Week 8 - New providers means new access to X ... at what cost?
I keep coming across articles these past few weeks about old business dying (aka going bankrupt) while new business (aka startup style companies) thrive by using the play book the now-bankrupt business once used. I saw it play out a bit in fintech, entertainment, and healthcare.
Side note: The first article was inspired from a friend who forwarded it. If you ever have something worth sharing, please do!
Access to capital from your subscribers and the banks
Patreon will now give creators cash advances on their subscription money - The Verge
Cash advances hit the digital age.
Patreon, the site creators love because it helps them make money off their work, has started a program called Patreon Capital, which grants micro-loans to creators. It’s essentially a cash advance: you get money now in exchange for some of your future earnings plus a small premium. It’s different from Patreon’s usual business — which is enabling direct subscriptions to people whose work you like, then taking a cut off the top — but it will diversify the company’s revenue, which should make Patreon a more sustainable business.

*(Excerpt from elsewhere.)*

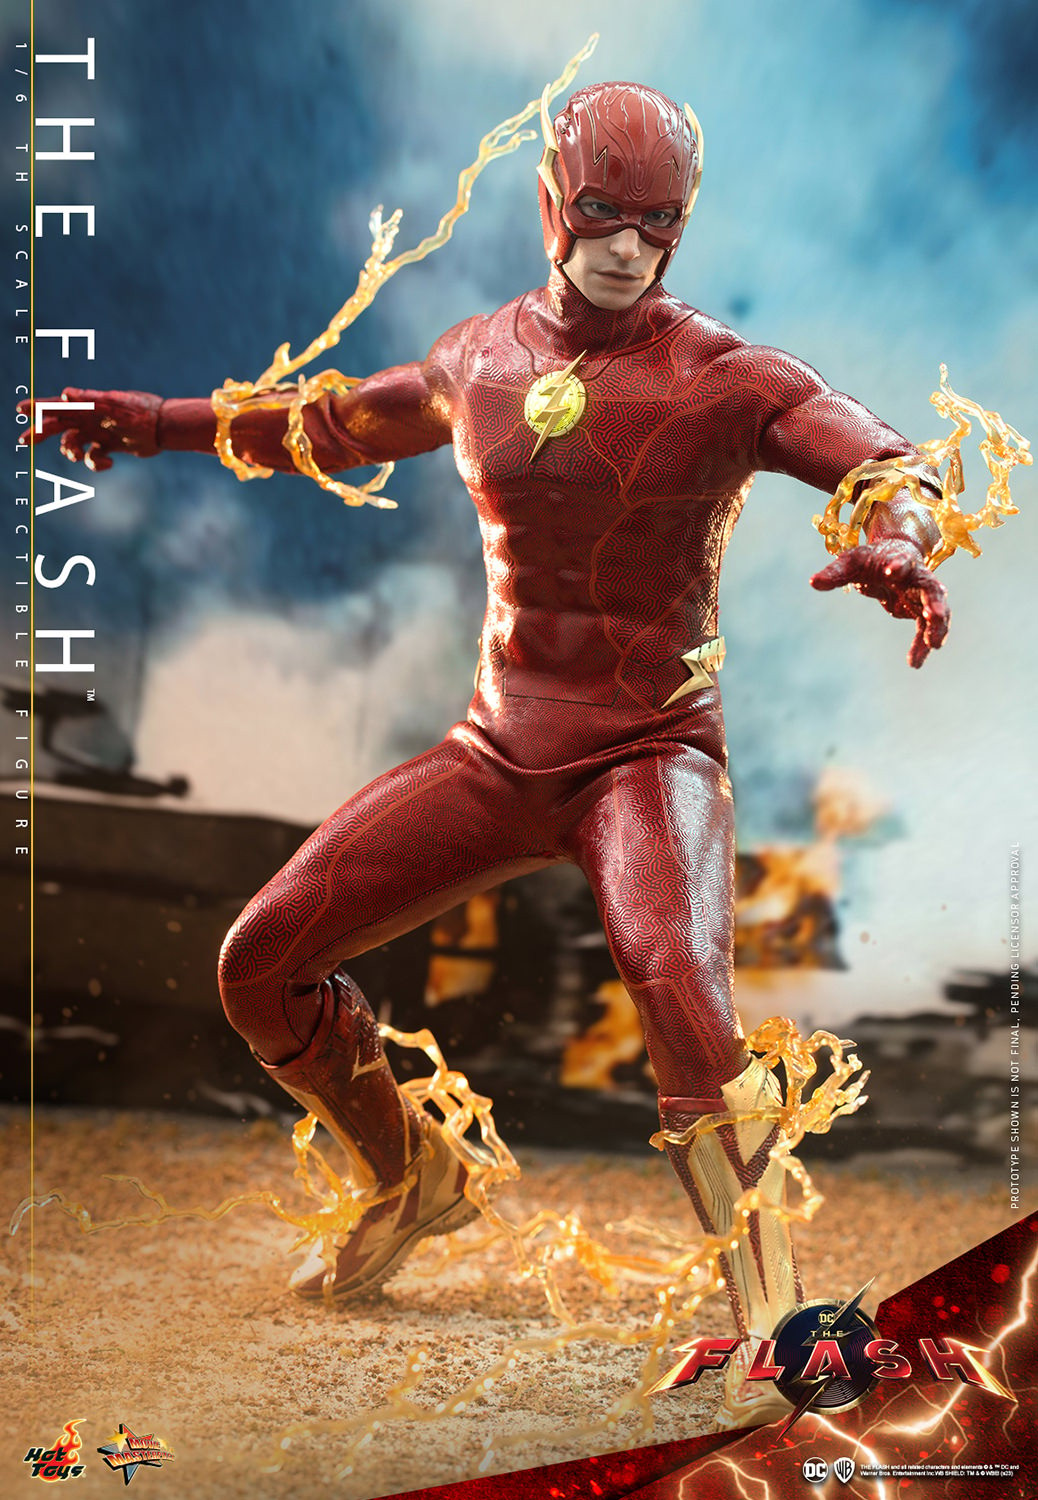 The Flash Sixth Figure Toys | Sideshow Collectibles

This article came from a friend who forwarded this piece. What's interesting from it is this:
Patreon will generally be focused on creators who have a track record in developing solid followings on its platform. ... As a matter of risk mitigation, the Patreon revenues of another Multitude show, Join the Party, will be taken as collateral if Next Stop isn’t able to generate enough return to fully pay Patreon back after the two year period.
The two year payback period assumes a high interest rate on the cash advance capital IMO. What happens if the show doesn't pan out? What happens if the revenues are lower than forecasted?

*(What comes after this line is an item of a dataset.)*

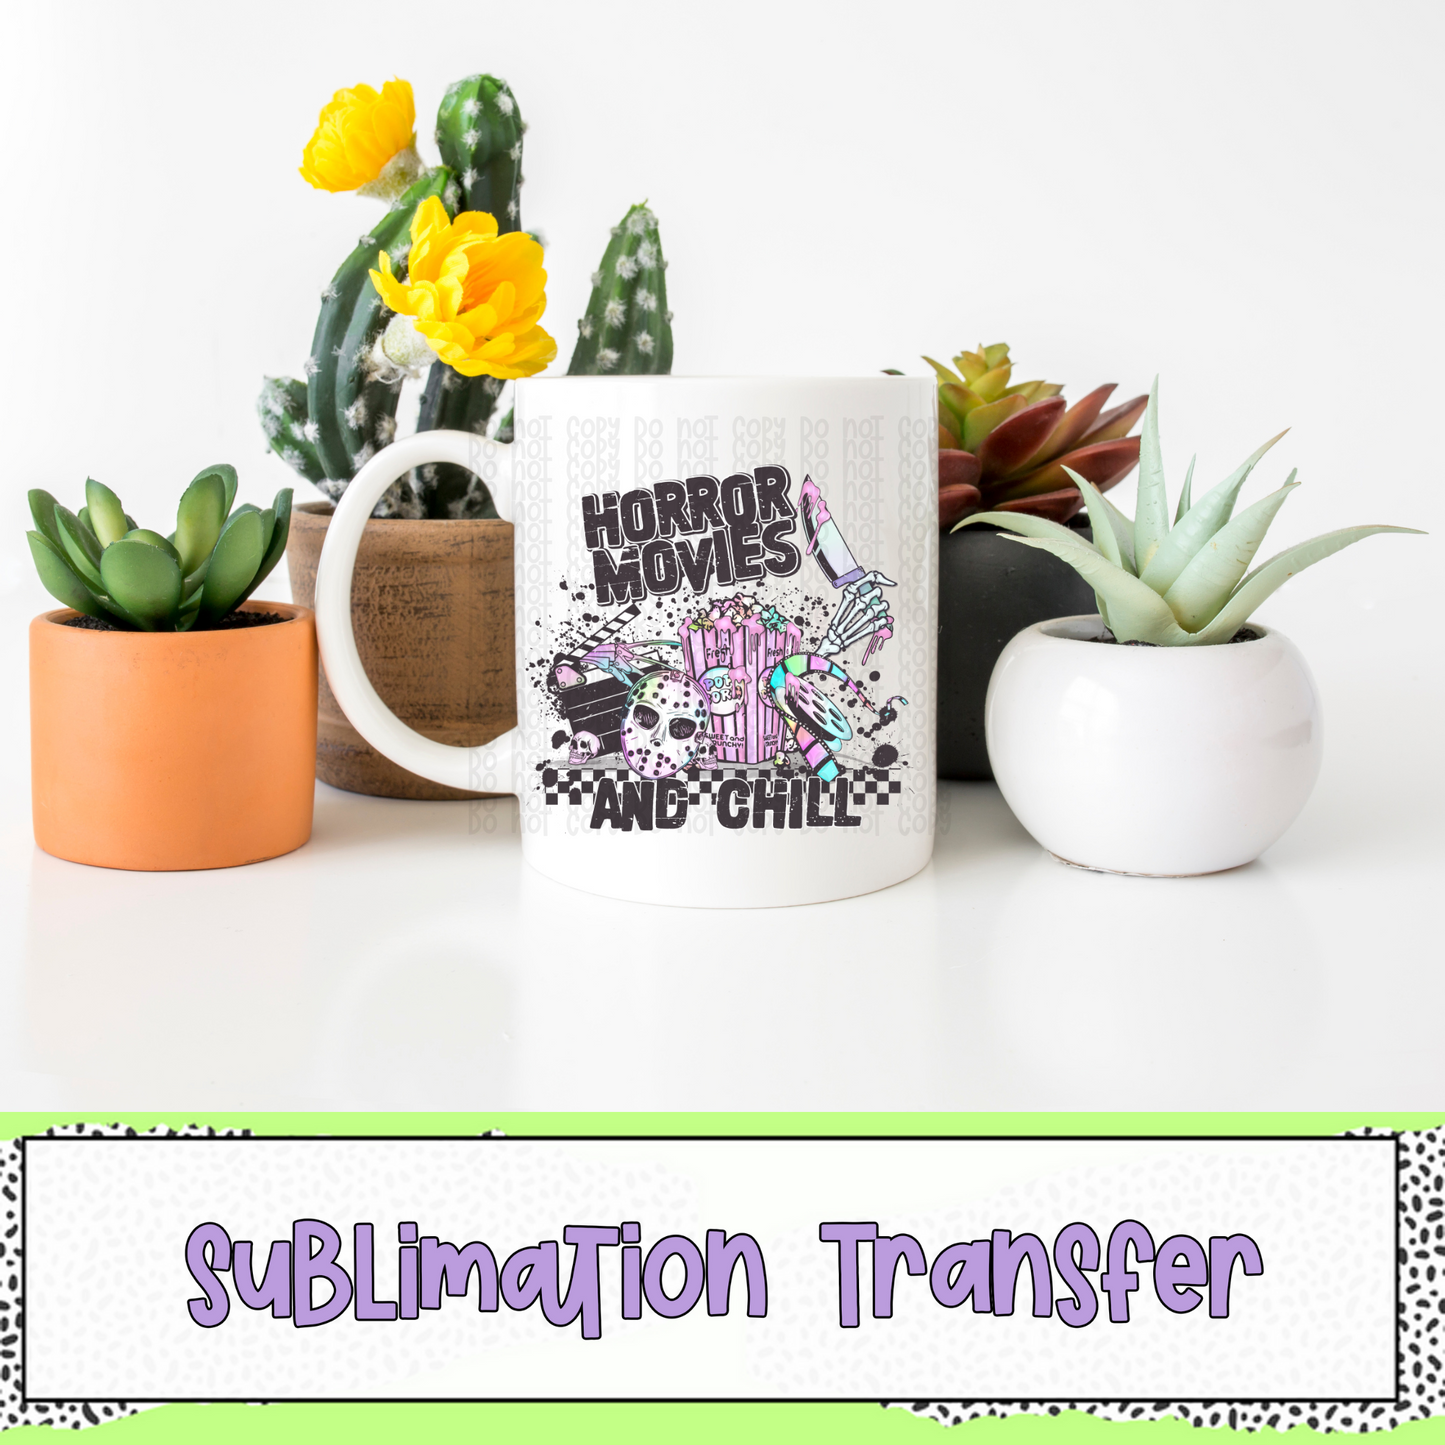 Horror Movies and Chill - SUBLIMATION TRANSFER

Patreon Capital is very similar to Shopify Capital, Stripe Capital, Square Capital, etc. Basically find a base of people who need cash and deliver it, while also getting it back in novel ways (i.e a portion of future revenues).
New gigs means new rhythms of schedules
https://www.nytimes.com/2020/02/23/business/media/hollywood-writers-streaming-netflix-amazon-hulu.htmlWhen Ms. Reindl got her start, network series had 24 episodes or more a season. The typical TV writer’s schedule looked something like this: Get hired by May or June, write furiously for most of the year, and then take a six-week hiatus before the process started again.

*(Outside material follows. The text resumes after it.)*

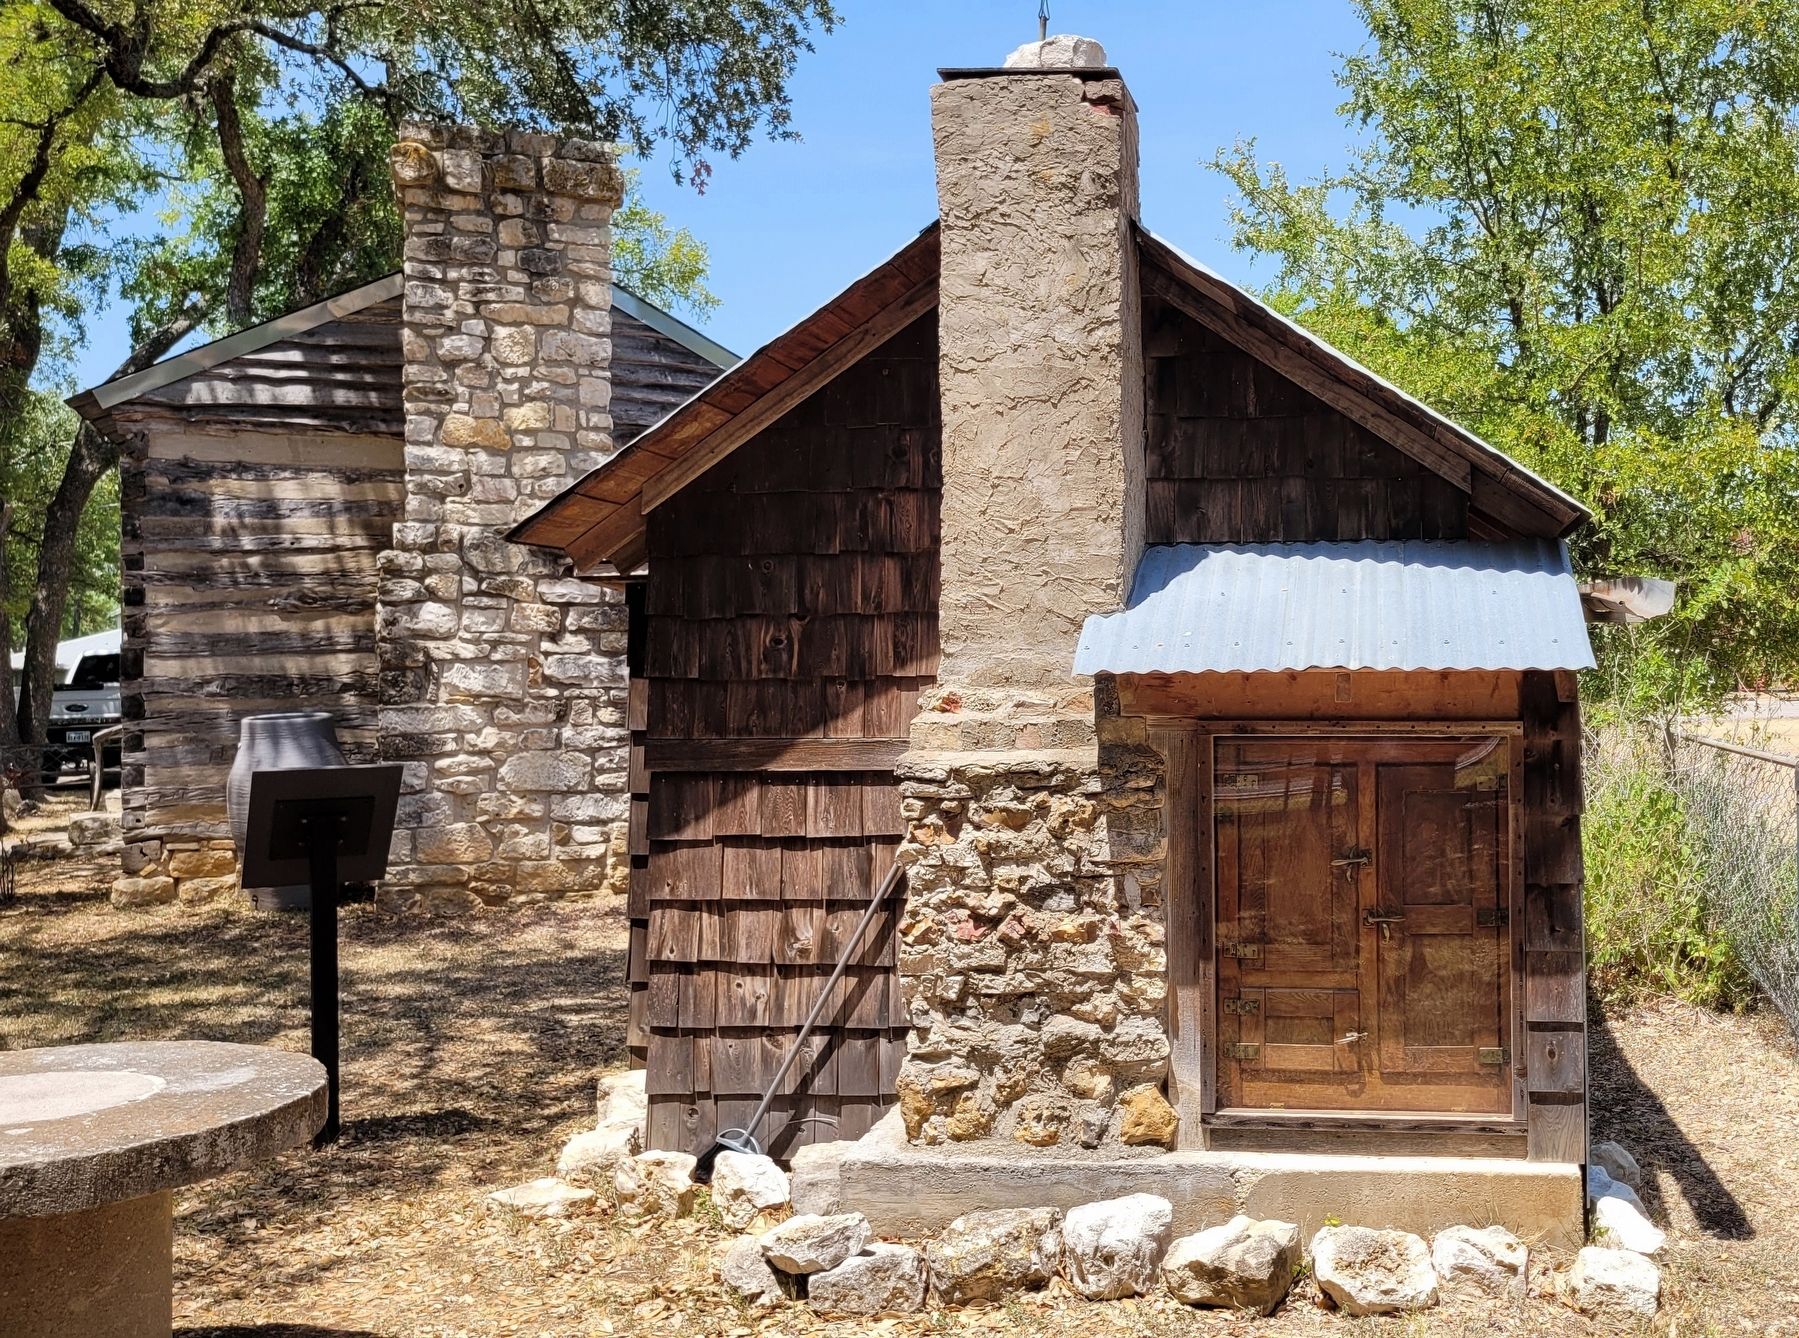 The side of the Writer's Cabin with the Icebox built in on the right image. Click for full size.

The seasonal rhythms that had been in place for TV writers since the days of “I Love Lucy” started to change more than two decades ago, when cable outlets put out 13-episode seasons of shows like HBO’s “The Sopranos” and, later, AMC’s “Mad Men.”
Streaming platforms have revised that model further: eight-episode seasons of Netflix’s “Stranger Things” and Disney Plus’s “The Mandalorian”; six-episode seasons of Amazon Prime Video’s “Fleabag”; three- and six-episode batches of Netflix’s “Black Mirror.” Cable has replied in kind, offering fewer than 12-episode runs of shows like “Atlanta” on FX and “Silicon Valley” on HBO.
Here's the kicker with these new formats:
But the medium’s shorter seasons and unpredictable cadences have made it harder for writers in Hollywood’s middle class to plot out a year’s work in a way that doesn’t leave them nervous when mortgage payments are due.
(Link)
Revamping its small group of health clinics was the next step. A decade ago, in-store retail clinics were all the rage, promising to handle less acute situations such as flu shots and sore throats while also boosting sales of prescriptions and over-the-counter drugs. But the cramped clinics, staffed by nurse practitioners, never generated enough business to cover their fixed costs, and drew the ire of the American Medical Association, which argued they delivered subpar service. Six years after opening its first “Care Clinic,” Walmart has just 19 in three states. “If you have pink eye, clinics are great. But they don’t really do anything to address the broader health-care needs of people in the community,” says Marcus Osborne, Walmart’s vice president for health and wellness transformation. “You’re not helping someone who’s diabetic. It’s a very limited kind of value.”